CryptoWall is probably the most formidable runner-up for taking over the legacy CryptoLocker left behind. Unlike CryptoLocker, CryptoWall, and its newer versions 2.0 and 3.0, came out of the gate swinging in late 2014. Also unlike it’s predecessor, CryptoWall did not implement the use of DGA’s, but instead used a combination of compromised sites, TOR (The Onion Router) and I2P (Invisible Internet Project). Throughout the renditions of the malware, it morphed from exploiting the system itself using various vulnerabilities, to employing the use of Exploit Kits, most recently, and noticeably, the use of the Angler Exploit Kit to drop the malware. There are a couple of ways that can be used to track down CryptoWall. Without getting into to much detail, for what I hope are obvious reasons, we can take a look at some of the simpler ones.

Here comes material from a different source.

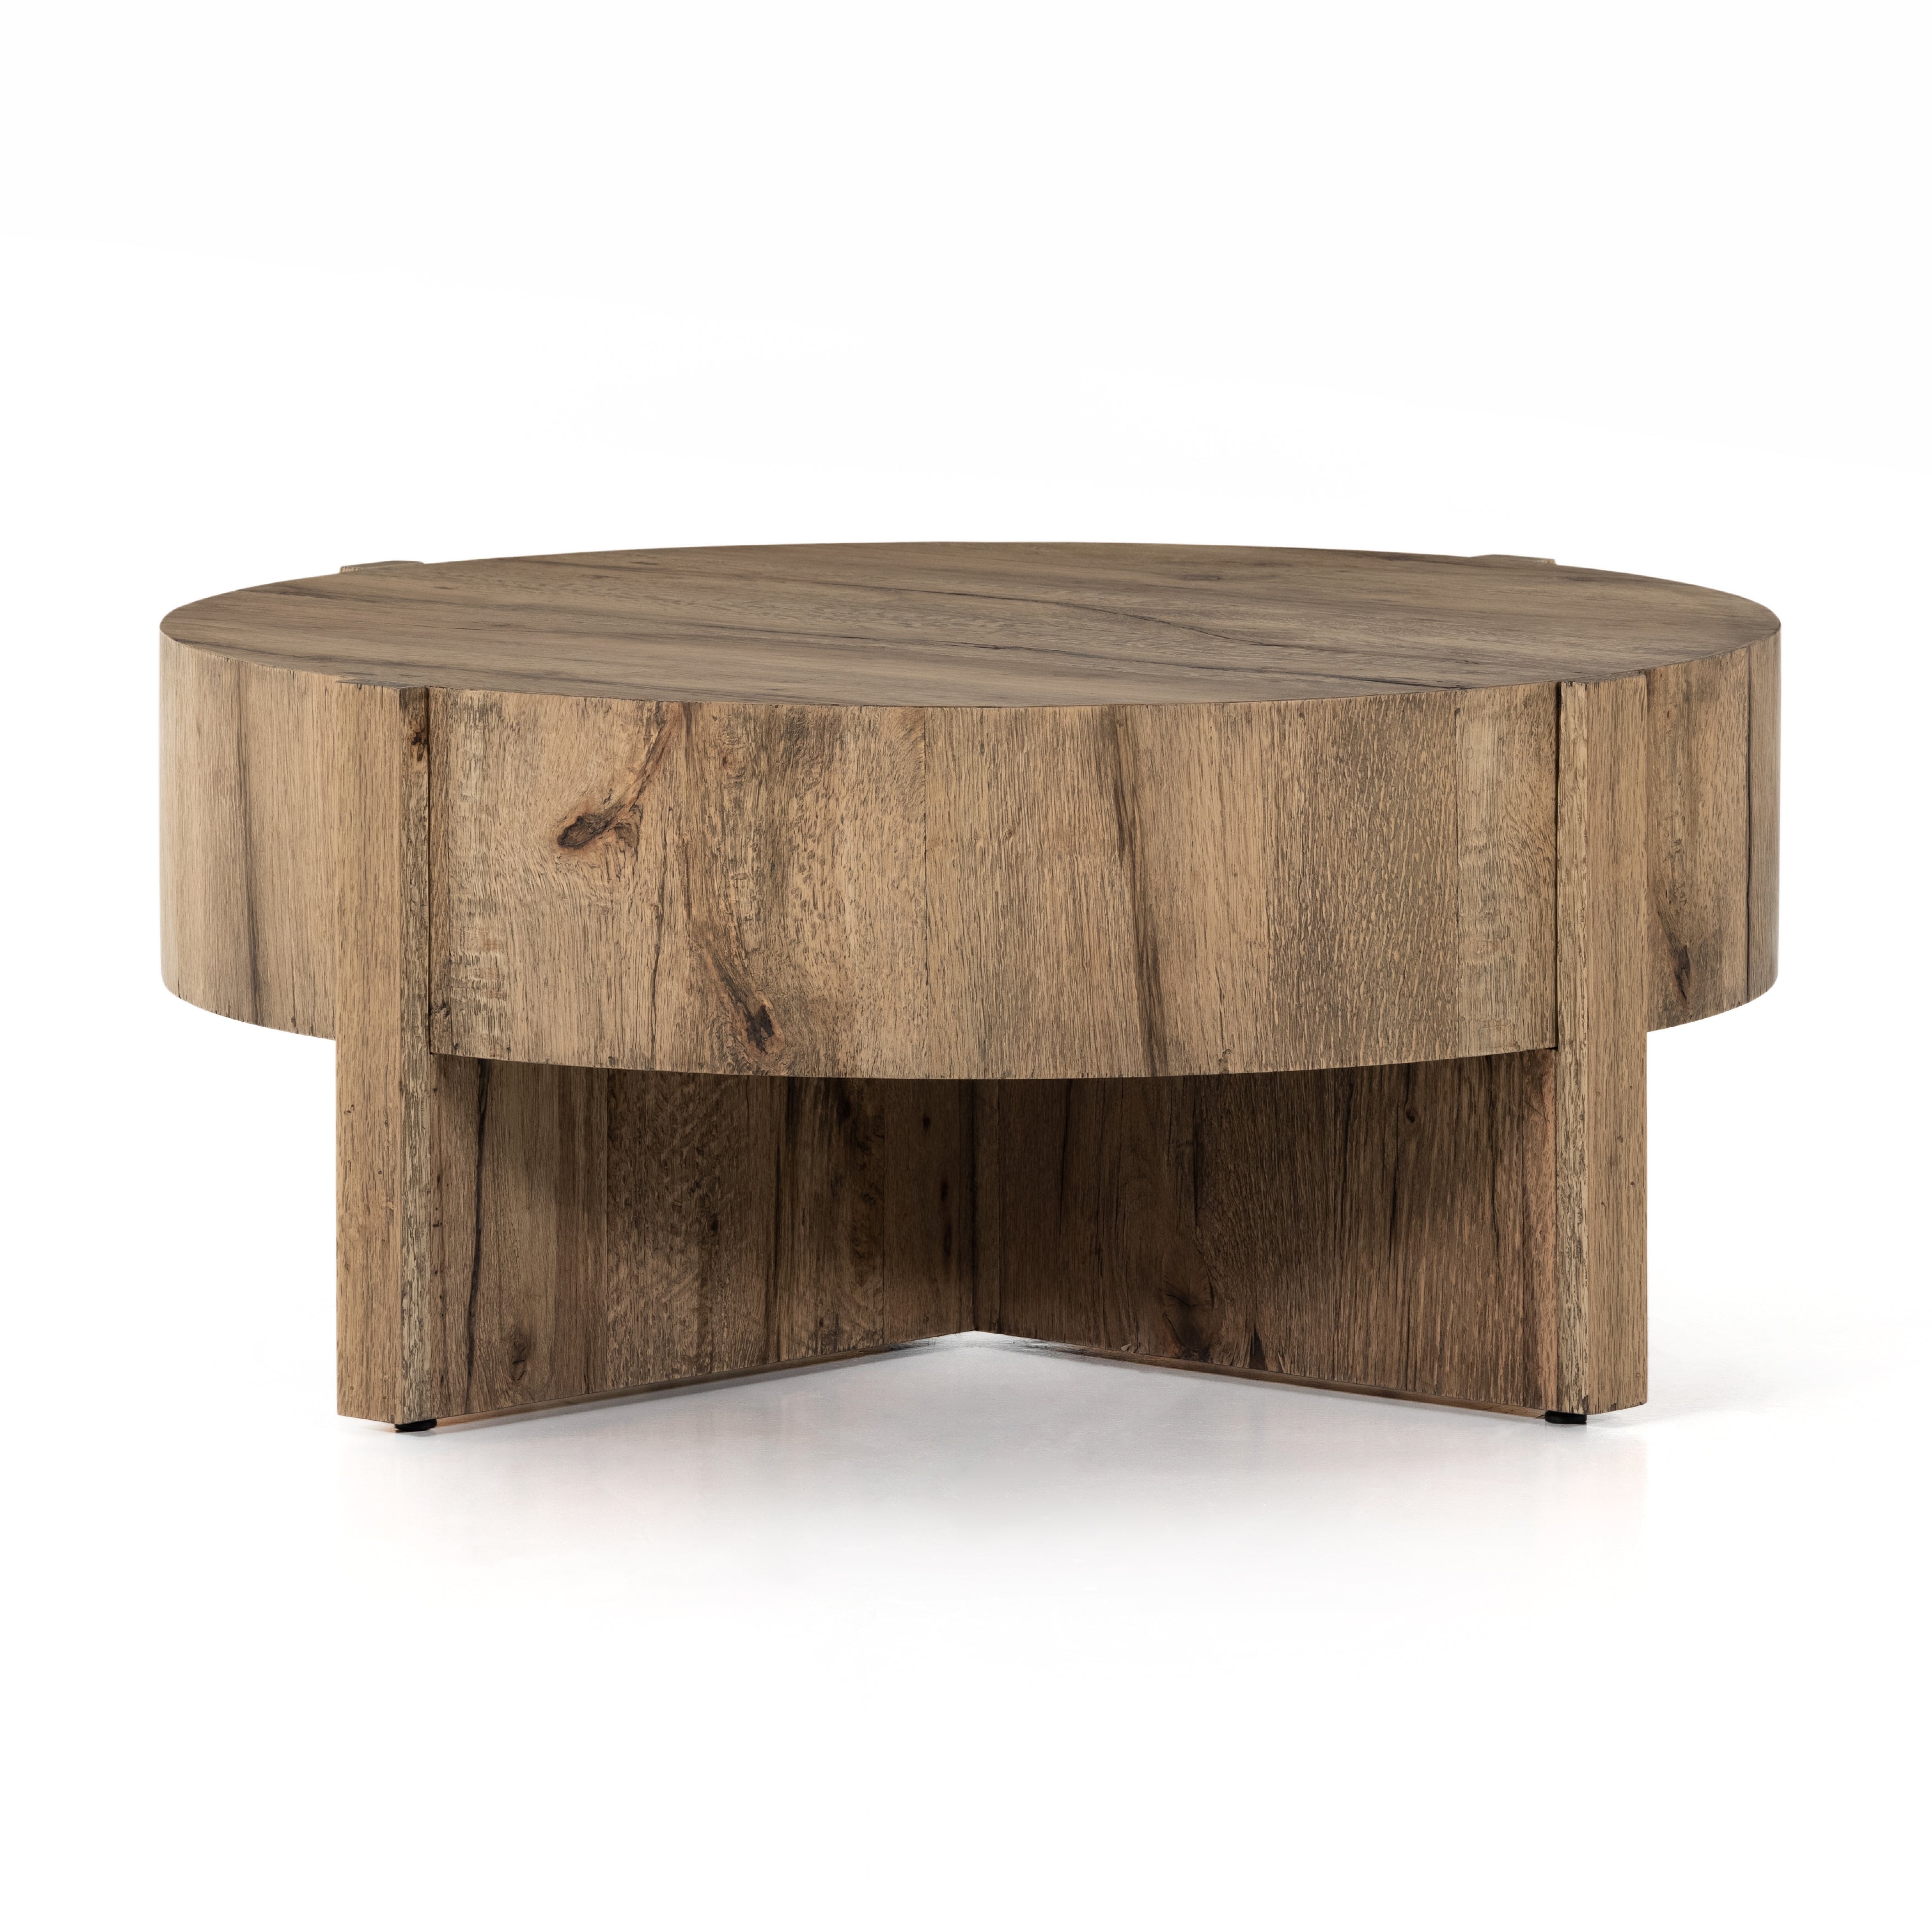 An organic-spirited statement piece. A drum-style coffee table of character-rich oak and veneers rests within a sculptural cradle base of matching rustic oak with beautiful highs and lows. Amethyst Home provides interior design, new construction, custom furniture, and area rugs in the Des Moines metro area.

What we can look at first though, is the use of Angler. Angler currently uses an evasion technique where nefarious actors compromise legitimate registrant accounts, and create a rotating set of sub-domains appended to the legitimate domains (2LDs). These sub-domains generally point to a completely different location (IP, ASN, Registrar, etc) that is hosting the Exploit kit landing page. Our research team covered this trend at BSides Raleigh 2013 and wrote a blog with more details in 2014, and we subsequently discussed this technique at BlackHat, Def Con, and Virus Bulletin of last year. In March of this year, Cisco put out a blog and called the technique ‘Domain Shadowing’. By looking for this Indicators of Compromise, one can start to access which domains have been taken over, and blocked quickly. Yet, one can not rely on the use of Angler alone, albeit a good indicator. CryptoWall tends to make use of compromised domains, and has largely been seen to use outdated WordPress plugins to compromise the legitimate domains (this is not the only way, but is one of the most seen). We can also look for related domains that are associated, that is, domains that are requested in rapid succession to known bad domains, and start to pivot around off of those to find other CryptoWall domains. Attempting to pattern match against requested URL’s is yet another way, but these can change often and rapidly and does not appear to give the same consistent results.

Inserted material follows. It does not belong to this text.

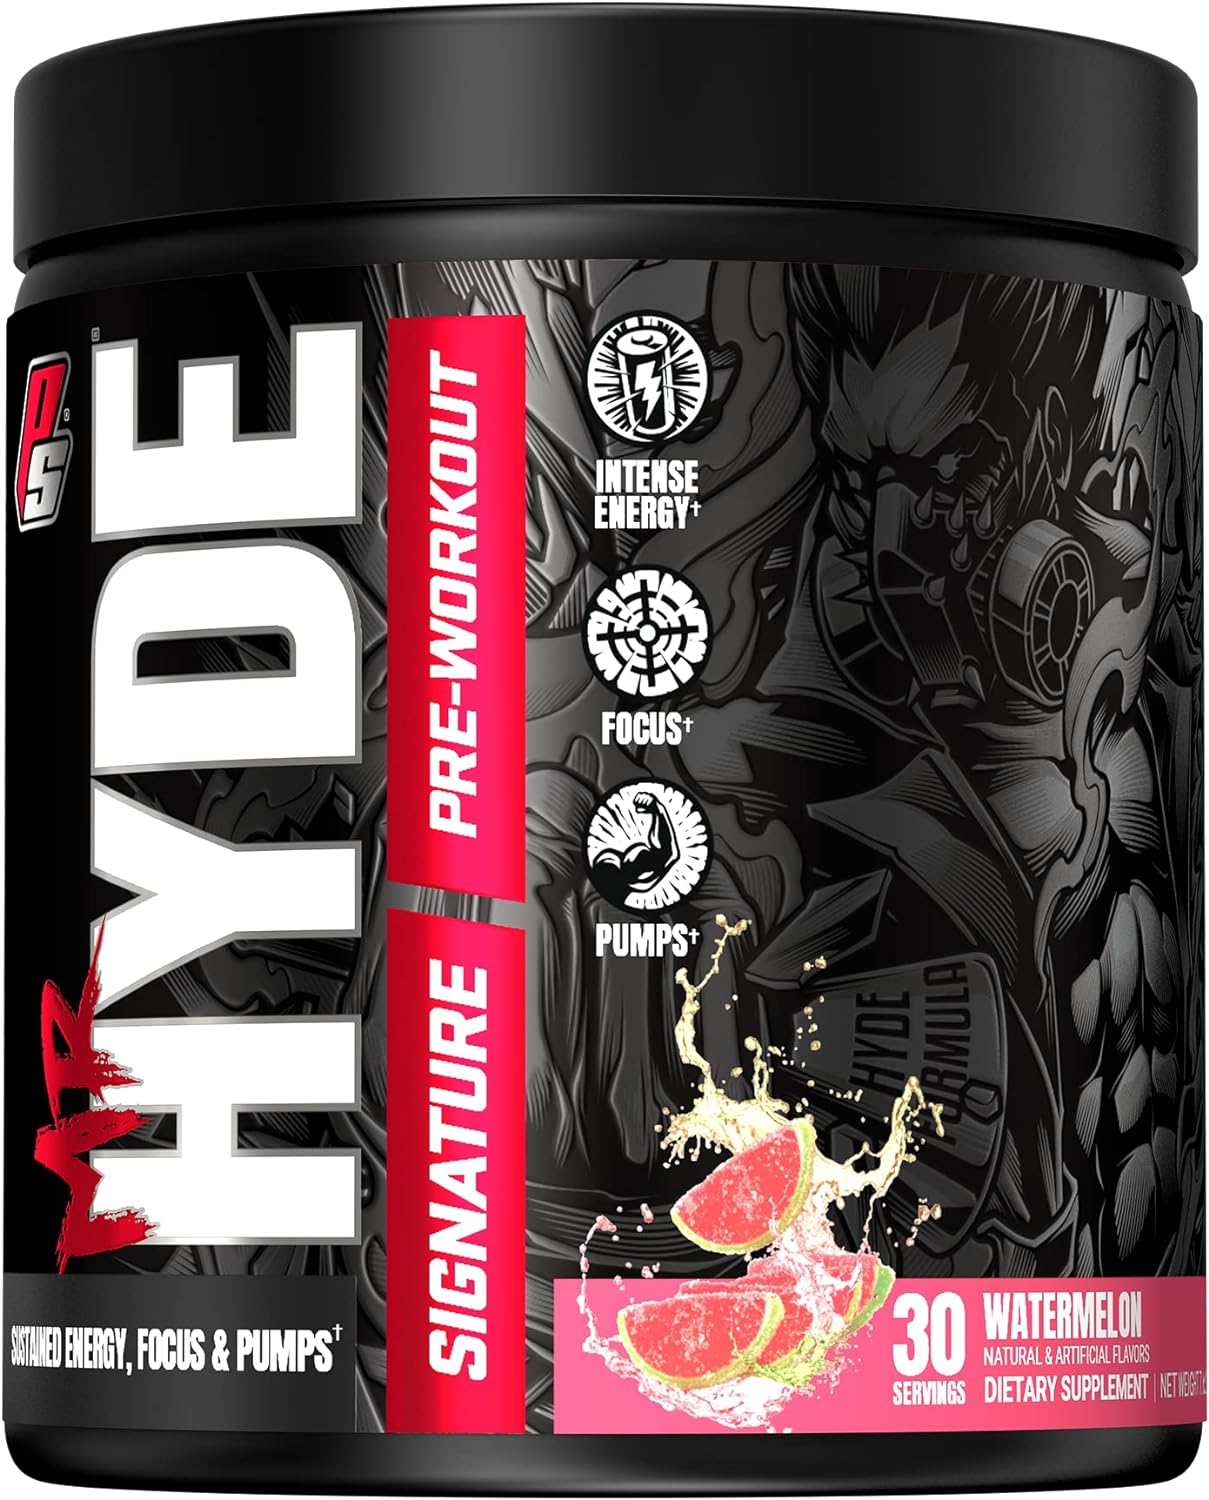 PROSUPPS Mr. Hyde Signature Series Pre-Workout Energy Drink – Intense Sustained Energy, Focus  Pumps with Beta Alanine, Creatine, Nitrosigine  TeaCrine (30 Servings Watermelon)

The more that malware develops and morphs, the more that detection and prevention has to change. With the high profile of ransomware, and it’s ever continuing transformations, researchers will always be nose to the ground to be out in front of these changes. OpenDNS is committed to this process, and is always striving to improve and revise its procedures and methods to stay one step ahead of these threats.